>>>
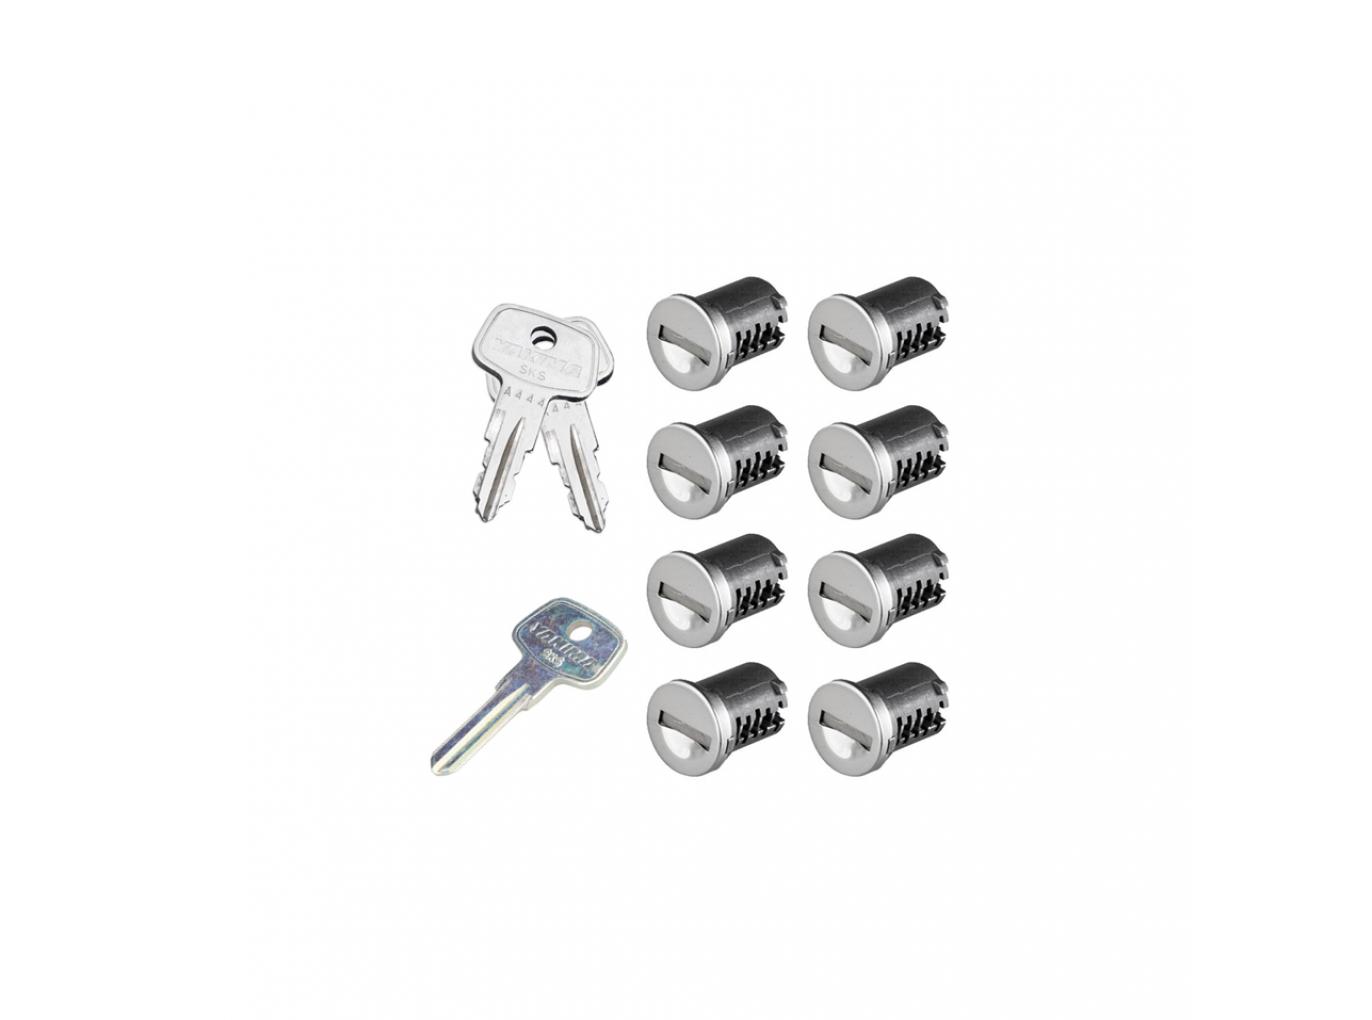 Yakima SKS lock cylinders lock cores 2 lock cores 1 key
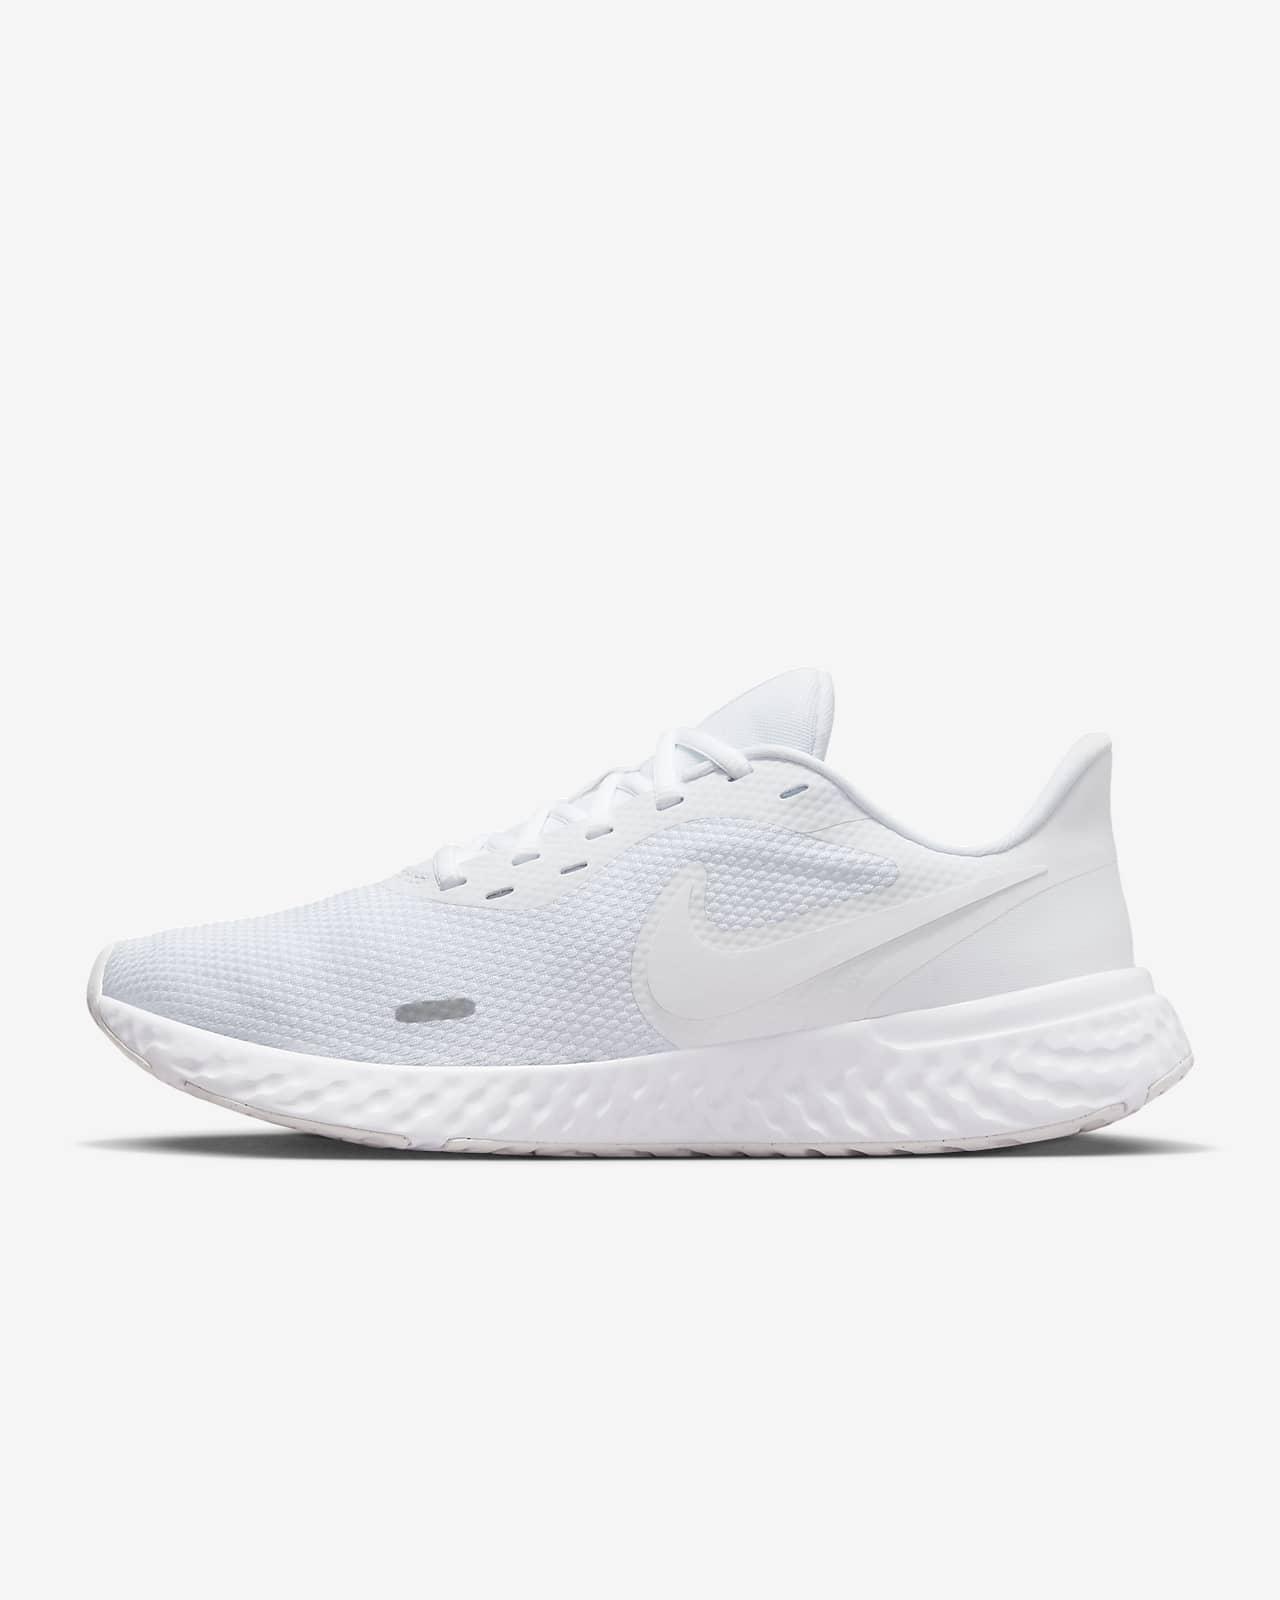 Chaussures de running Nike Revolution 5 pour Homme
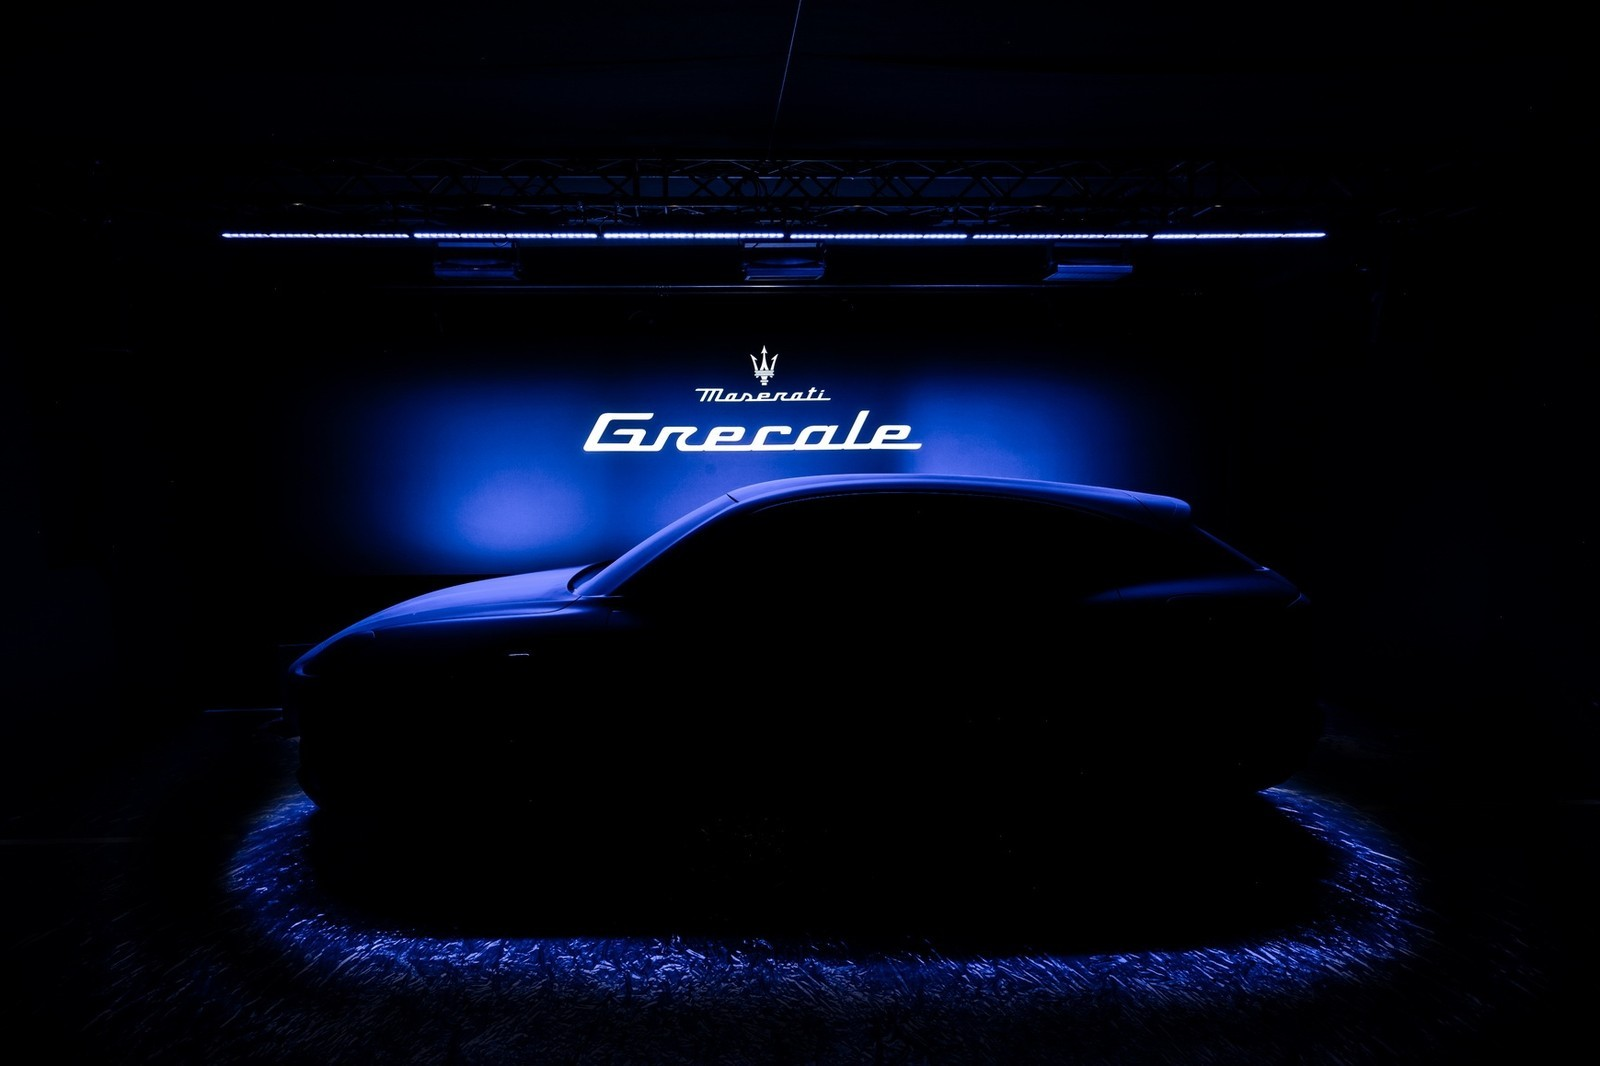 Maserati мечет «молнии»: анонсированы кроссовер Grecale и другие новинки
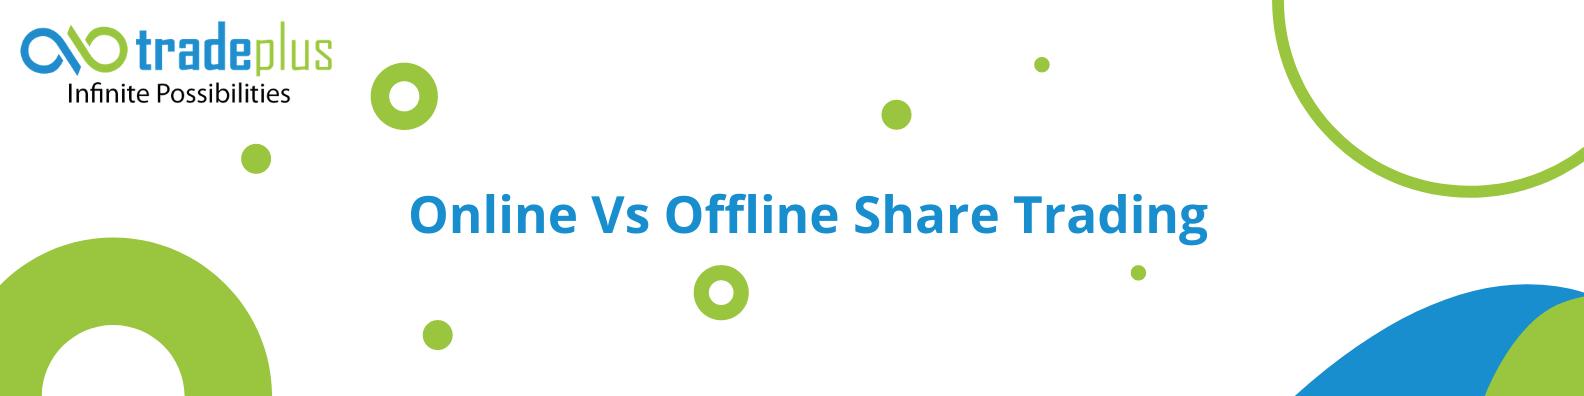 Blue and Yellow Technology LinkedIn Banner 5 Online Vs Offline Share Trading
<<<
Assigned task >>
If a picture falls within the span, leave it out, and reproduce exactly the lines from the one containing "и другие новинки" through the end of the material, and no others.

Answer box >>
 Maserati мечет «молнии»: анонсированы кроссовер Grecale и другие новинки
 Blue and Yellow Technology LinkedIn Banner 5 Online Vs Offline Share Trading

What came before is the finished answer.